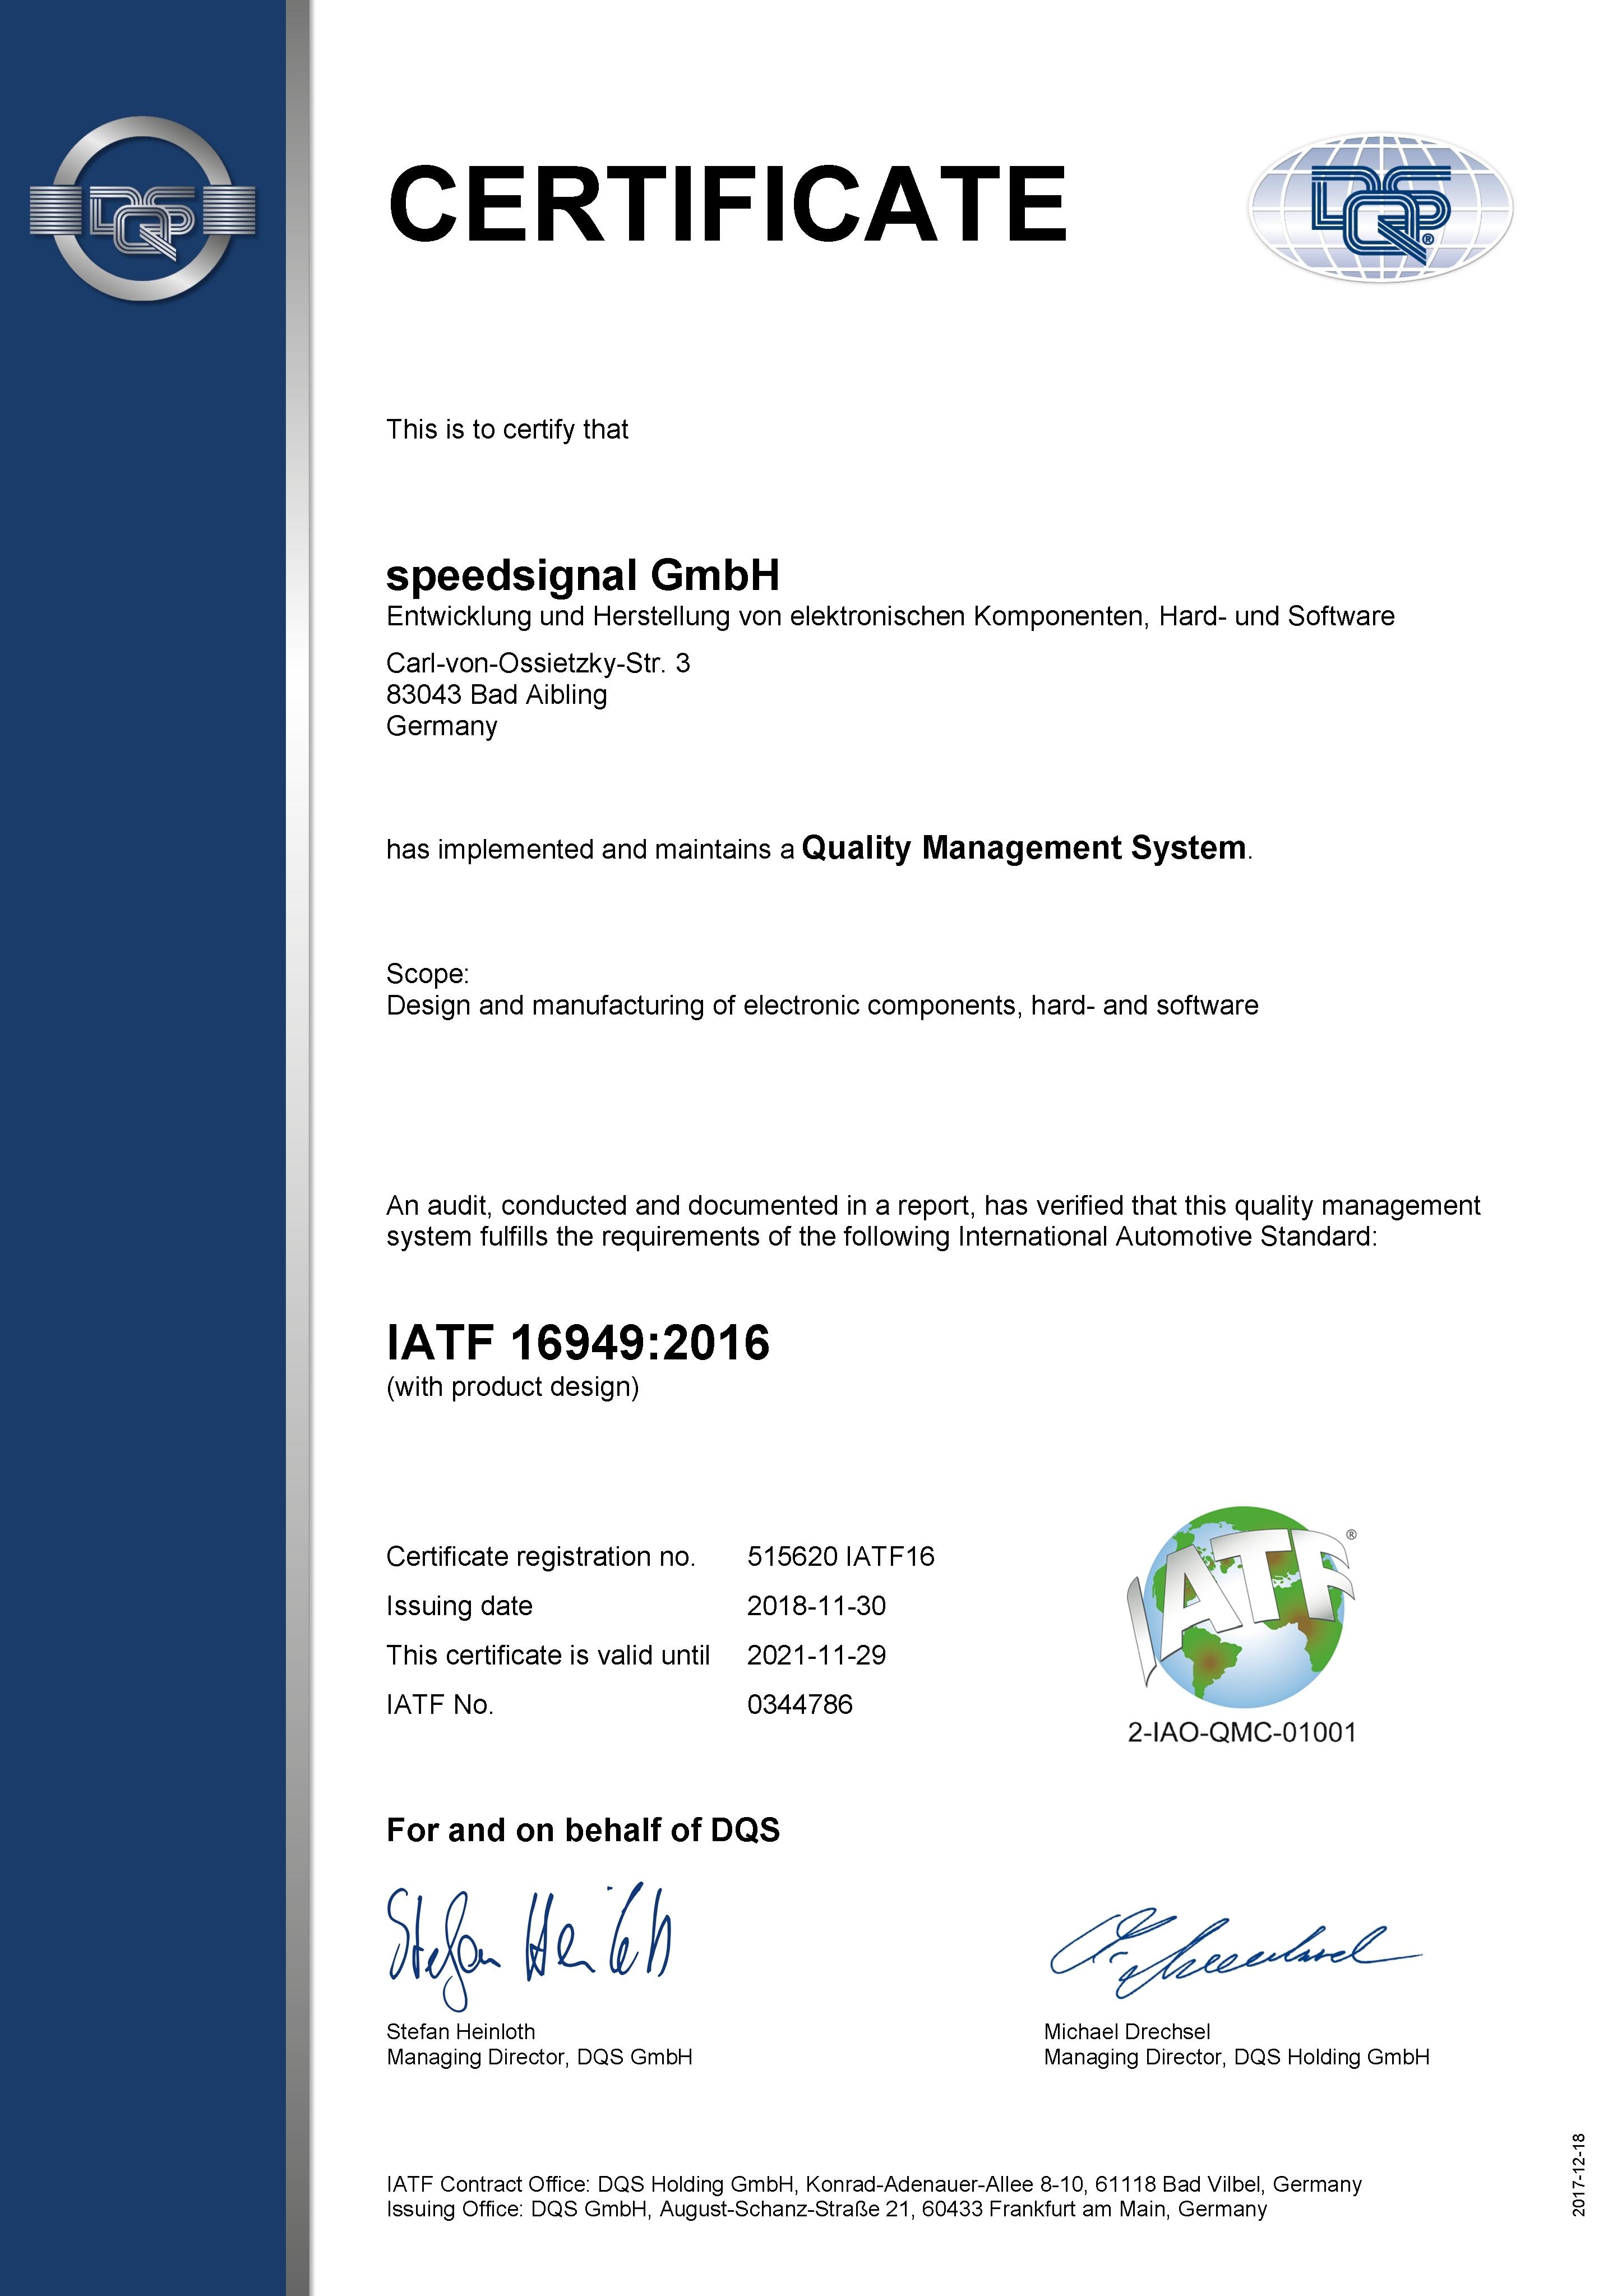 IATF16949 certificate
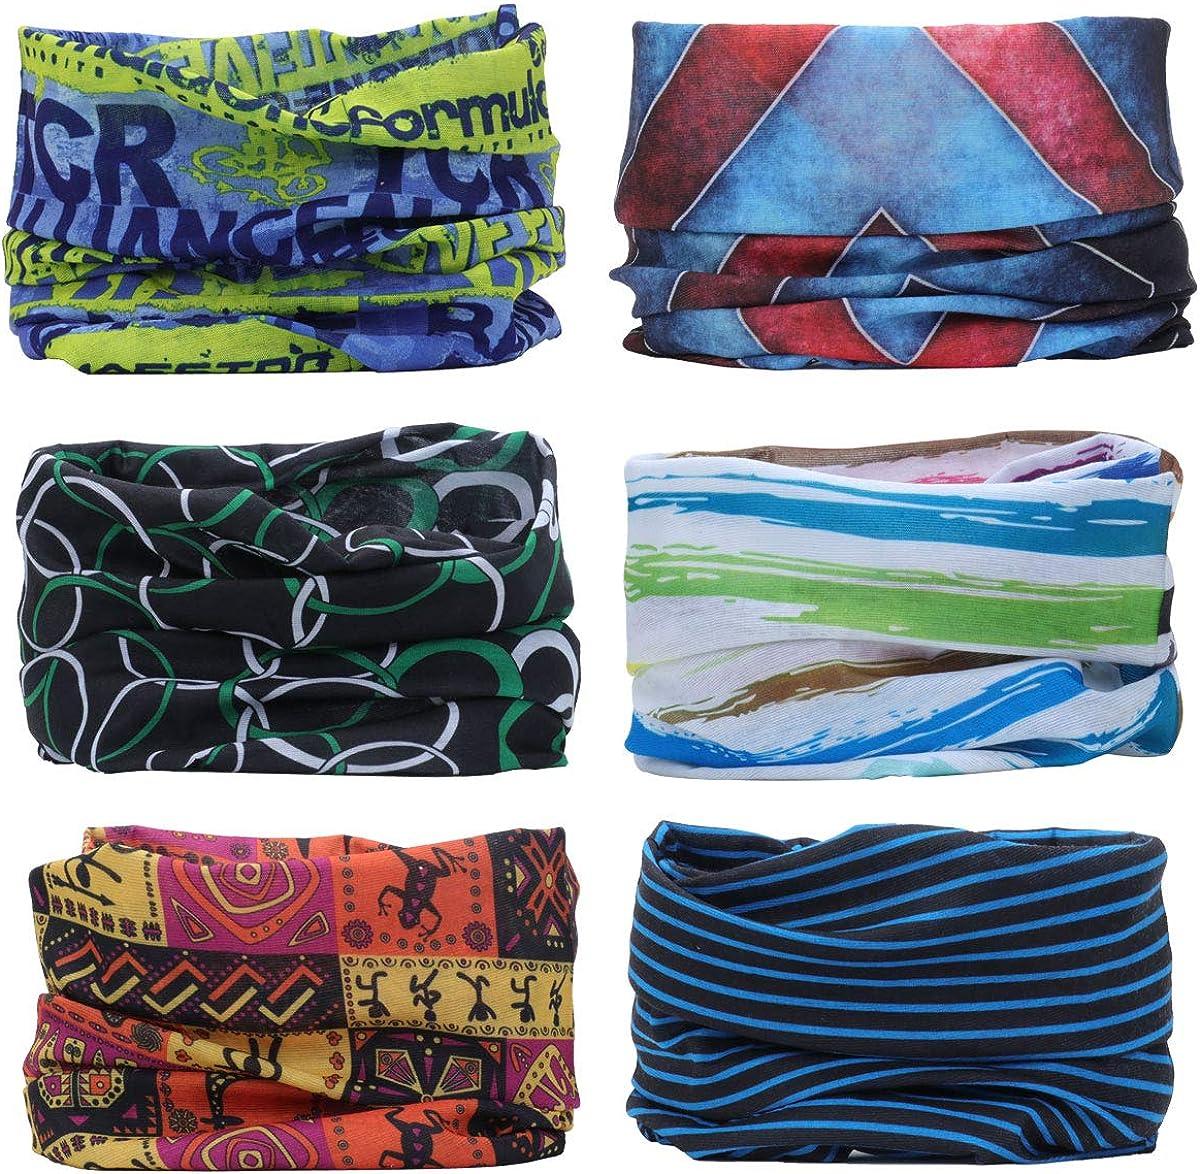 YouGa Headwear Headbands 6PCS Multifunctional Bandana Wide Seamless Magic Scarf Tube Scarf UV Insect Shield Sport Men Women Unisex
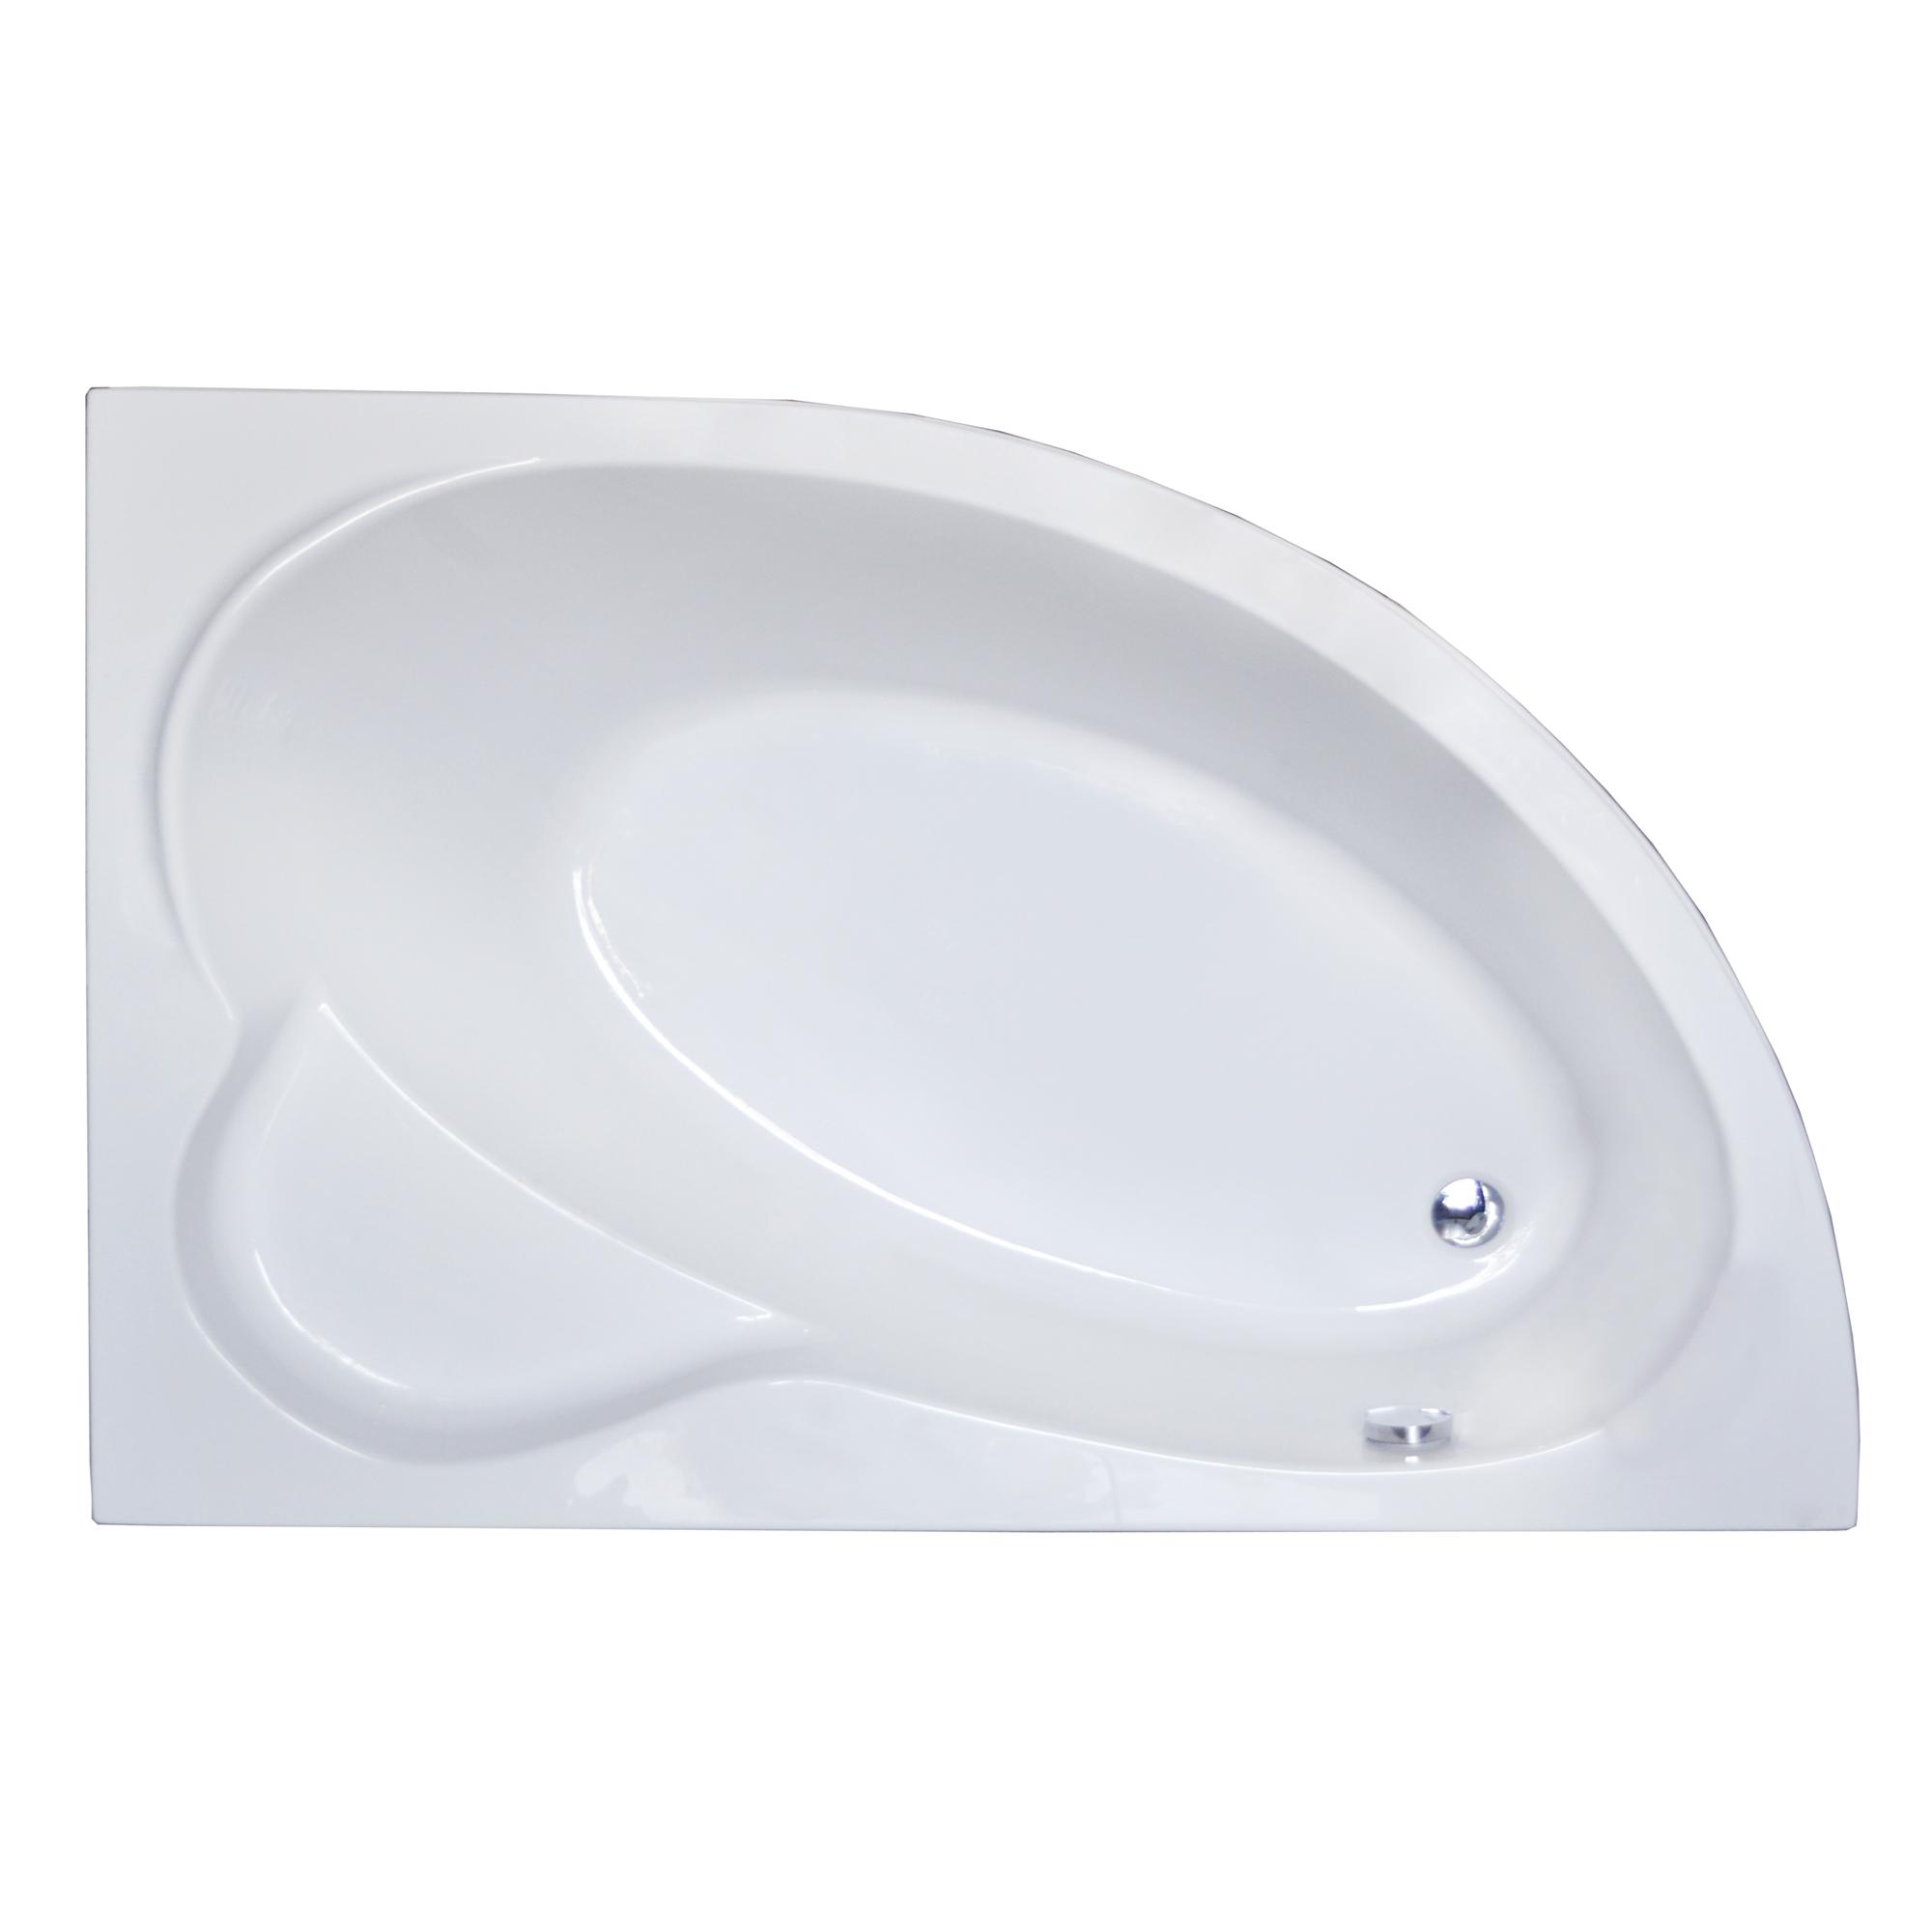 Акриловая ванна Royal bath Alpine RB819103 140х95 R акриловая ванна royal bath alpine rb 819101 правая 160х100 rb819101r

■ **DESCRIPTION OF THE TASK**
Reproduce exactly and only the lines from the line that contains "YouGa Headwear Headbands" to the end of the data above, both ends included. No pictures go in the copy.

■ **EXERCISE RESPONSE**
 YouGa Headwear Headbands 6PCS Multifunctional Bandana Wide Seamless Magic Scarf Tube Scarf UV Insect Shield Sport Men Women Unisex
 Акриловая ванна Royal bath Alpine RB819103 140х95 R акриловая ванна royal bath alpine rb 819101 правая 160х100 rb819101r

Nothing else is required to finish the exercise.